В дорогу отправились, по обыкновению, утром. Через пару часов были уже на месте. Пока уложили в домашнюю постель Маргариту Павловну, пока подготовили дом к жизни в кардинально изменившейся ситуации, прошло еще какое-то время. Только-только закончили хлопоты, как во дворе послышались молодые мужские голоса, крики и такой неуместный нынче смех… А спустя мгновение в дверях показался Александр Дмитриевич собственной персоной!

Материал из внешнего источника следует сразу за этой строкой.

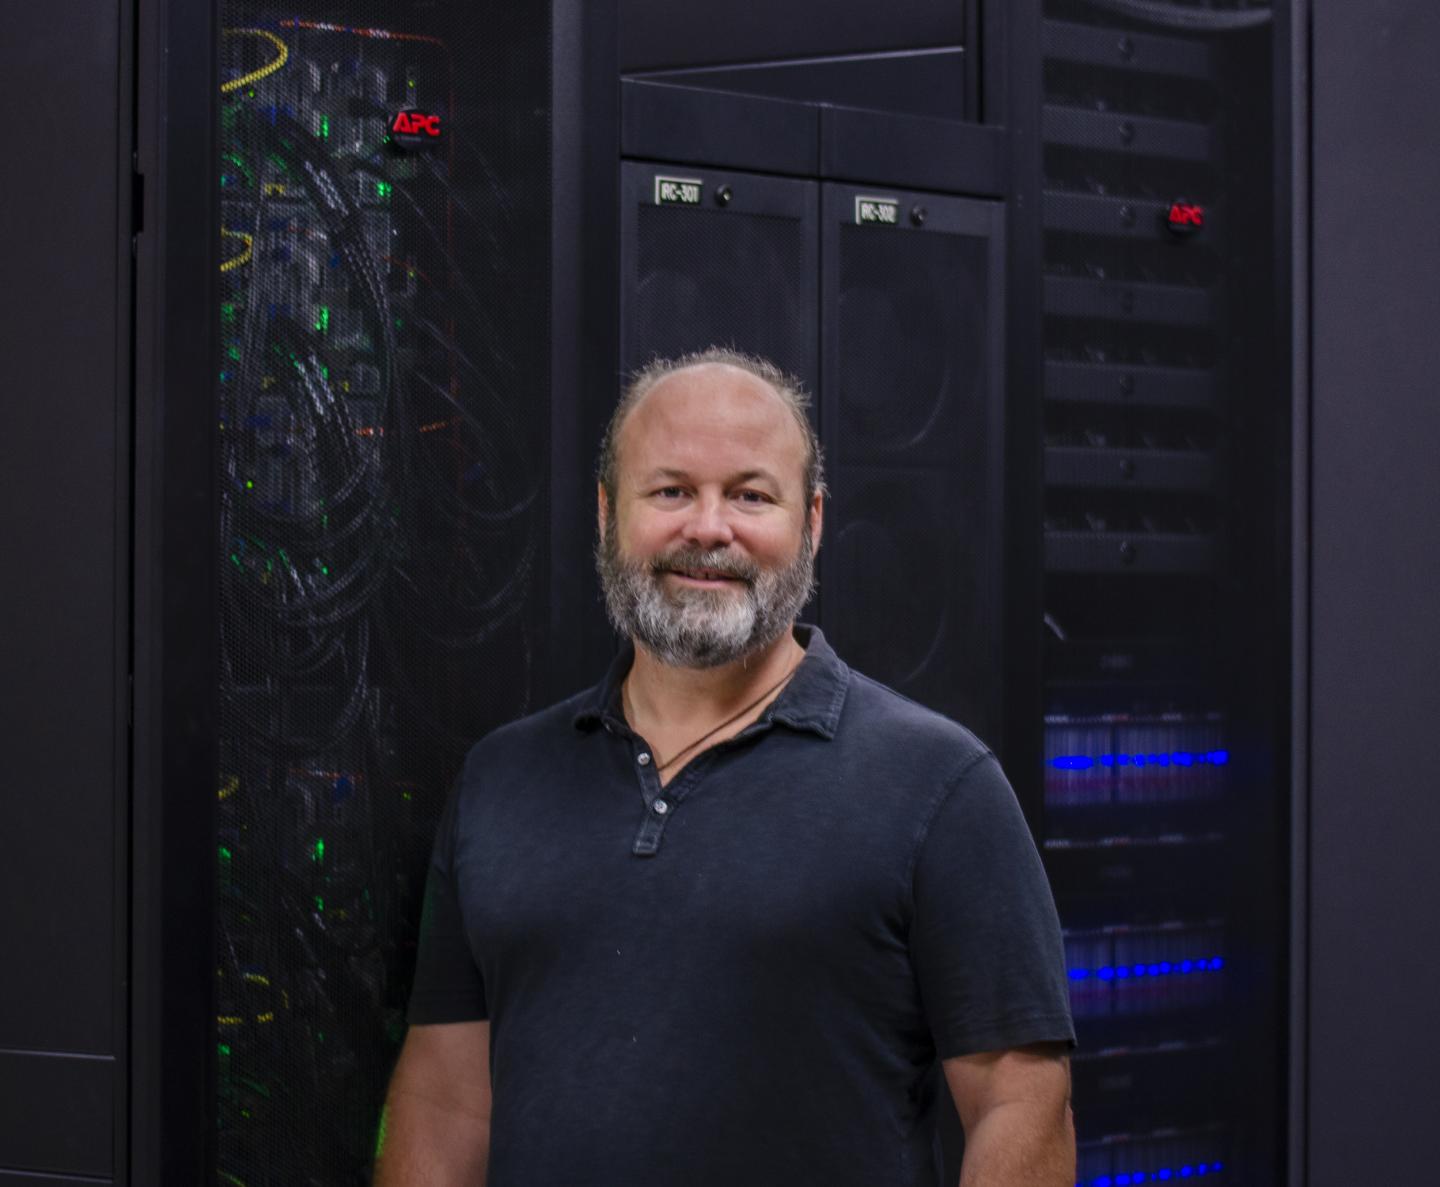 Ari Kahn, Texas Advanced Computing Center (TACC)

Триумфальное шествие советской власти


Усадьба «Гальяново», июль 1918 г.


Реакция собравшихся на феерическое возвращение ожившего мертвеца была вполне ожидаемой. Но Александр Дмитриевич не мог терять не минуты на какие бы то ни было пояснения. Он знал, что в соседней комнате его появлению будут рады несоизмеримо больше и, не мешкая, поспешил туда.

Маргарита Павловна, увидев мужа, вновь лишилась чувств. Но на сей раз природа обморока являлась совсем иной. И справиться с ним не составляло труда. Нюхательную соль под нос, пара добрых пощечин – и женщина пришла в себя. Открыв глаза, она мертвой хваткой вцепилась в ладонь мужа. И разъединить их было теперь не возможно. Так и просидели они до вечера, не говоря друг другу ни слова и не замечая никого вокруг. А Ольга сидела рядом и умилялась бесконечному счастью родителей.

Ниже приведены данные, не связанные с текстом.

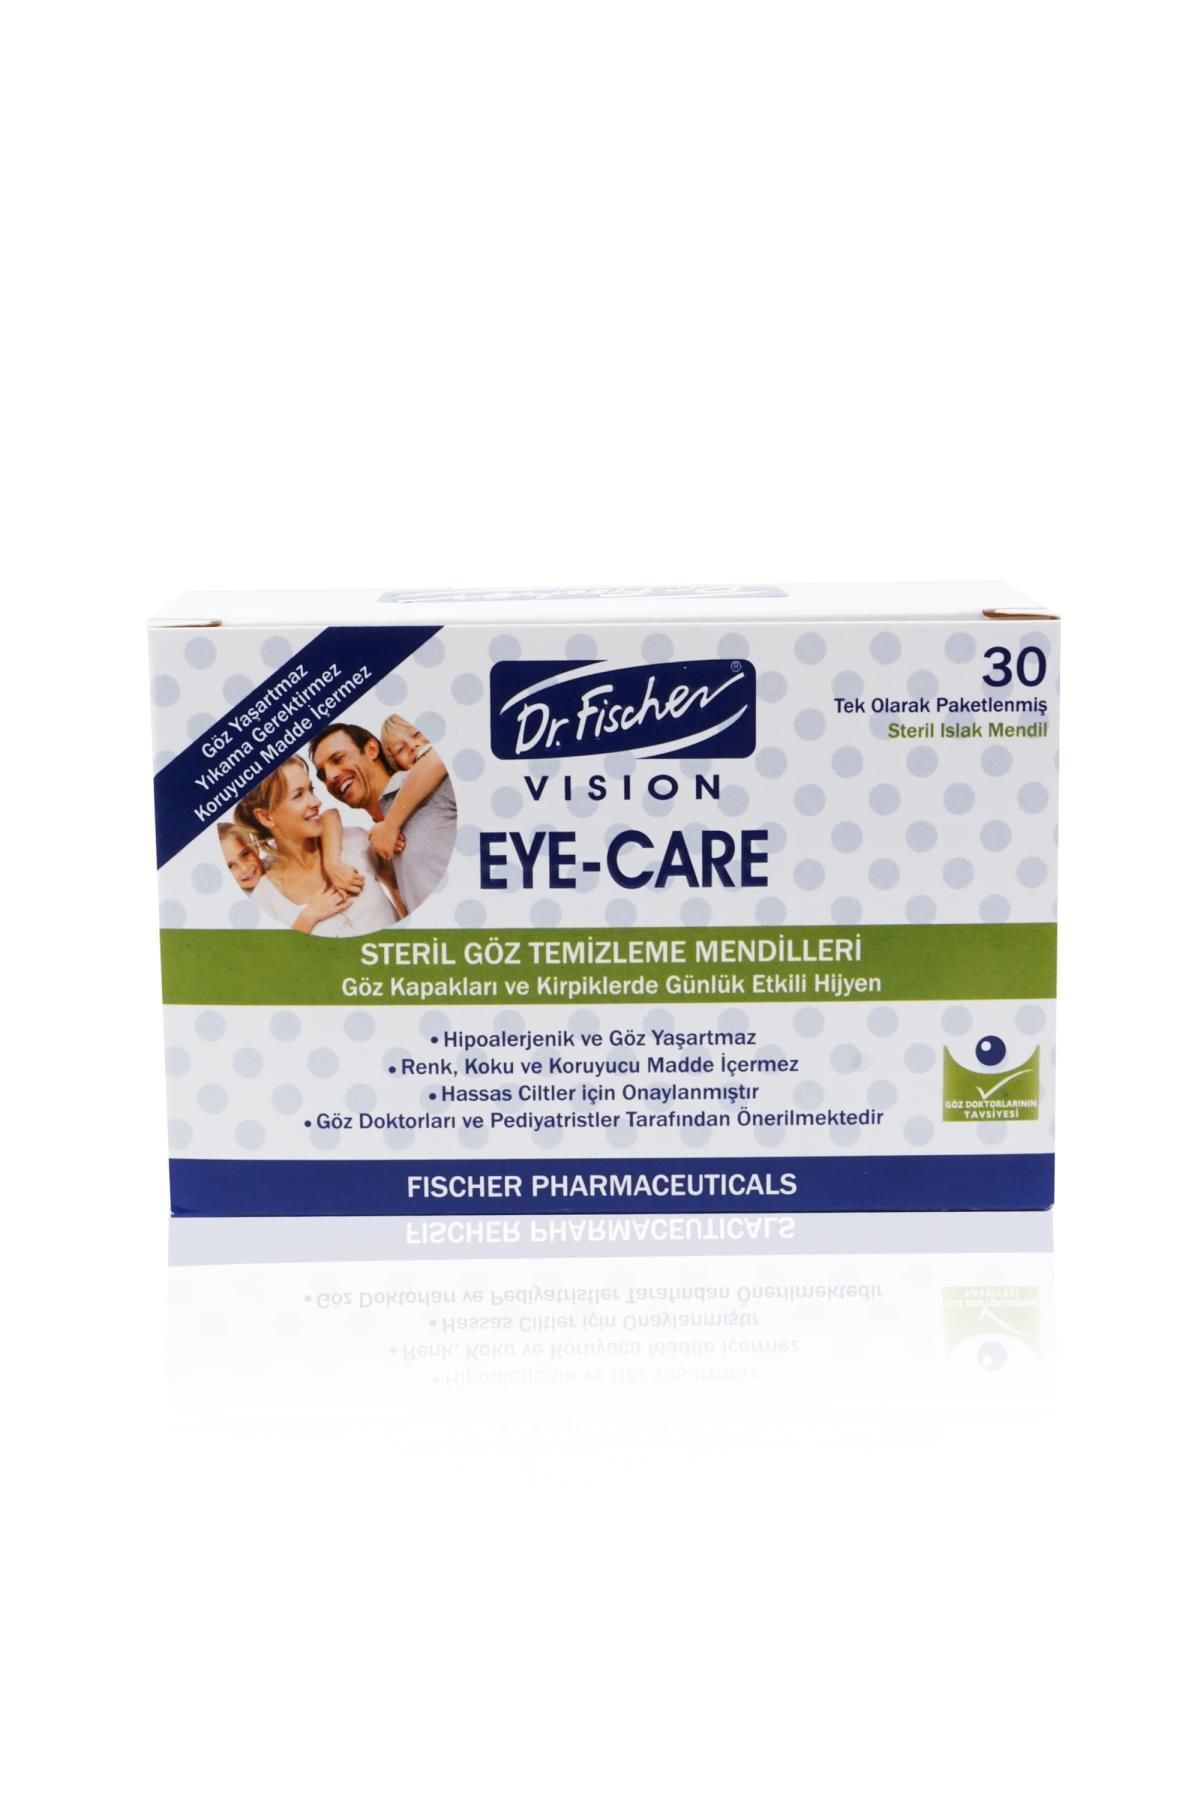 Dr Fischer Dr.fischer Eyecare Yetişkin Steril Göz Temizleme Mendili - 30'lu Paket MDZN.72

Казимир Румша, оставшийся с гостями, кратко пересказал историю чудесного спасения недавнего арестанта, услышанную дорогой от самого Александра Дмитриевича. Это стало поводом для воспоминаний об аналогичных событиях, происходивших во время большевистского владычества:

– Помните семинариста Коровина? Он отказался помочь «товарищам» починить сломавшийся автомобиль, так как не был техником. Это было около синематографа Лоранжа. Его потащили на вокзал и на другой день нашли его труп со многими ранами – очевидно, юношу истязали16.

– А у Уржумцевых произошел такой печальный случай… Вечером раздался звонок в дверь. Квартира, где они проживали, была на втором этаже. Открывать пошла горничная в сопровождении дочери хозяйки, гимназистки. Едва открылась дверь, как с ружьями наперевес вошло шестеро «товарищей». Бедняжка гимназистка испугалась и бросилась бежать наверх, но выстрелом из винтовки была убита наповал. Семья выстрела не слышала и продолжала сидеть в столовой за столом, когда в комнату вошли «товарищи». Жилец, инженер Уржумцев, вскочил со стула, намереваясь уйти в свою комнату, но упал мертвым от «удачного» выстрела, очевидно, того же меткого стрелка… Затем все были отведены в отдельную комнату, связаны и заперты, после чего начался грабеж.

– Лично я почему-то избежал обыска, хотя во флигель, где жил Копьевский, наш бухгалтер, однажды ворвались матросы, сделали обыск, но, ничего не отобрали. Просто спас Господь. В квартиру же Олесова ворвались и сделали тщательный обыск. Искали оружие и платину, а отобрали вино.

– У моего соседа по дому, доверенного Невской ниточной мануфактуры, немца Шиллинга, тоже произвели обыск. В результате обыска отобрали деньги и ценные вещи. Когда на другой день он отправился в совдеп с жалобой, то к нему прислали для выяснения дела комиссара, и Шиллинг узнал в этом комиссаре того грабителя, который был у него ночью. В результате комиссар приказал Шиллингу прислать к нему еще и письменный стол17.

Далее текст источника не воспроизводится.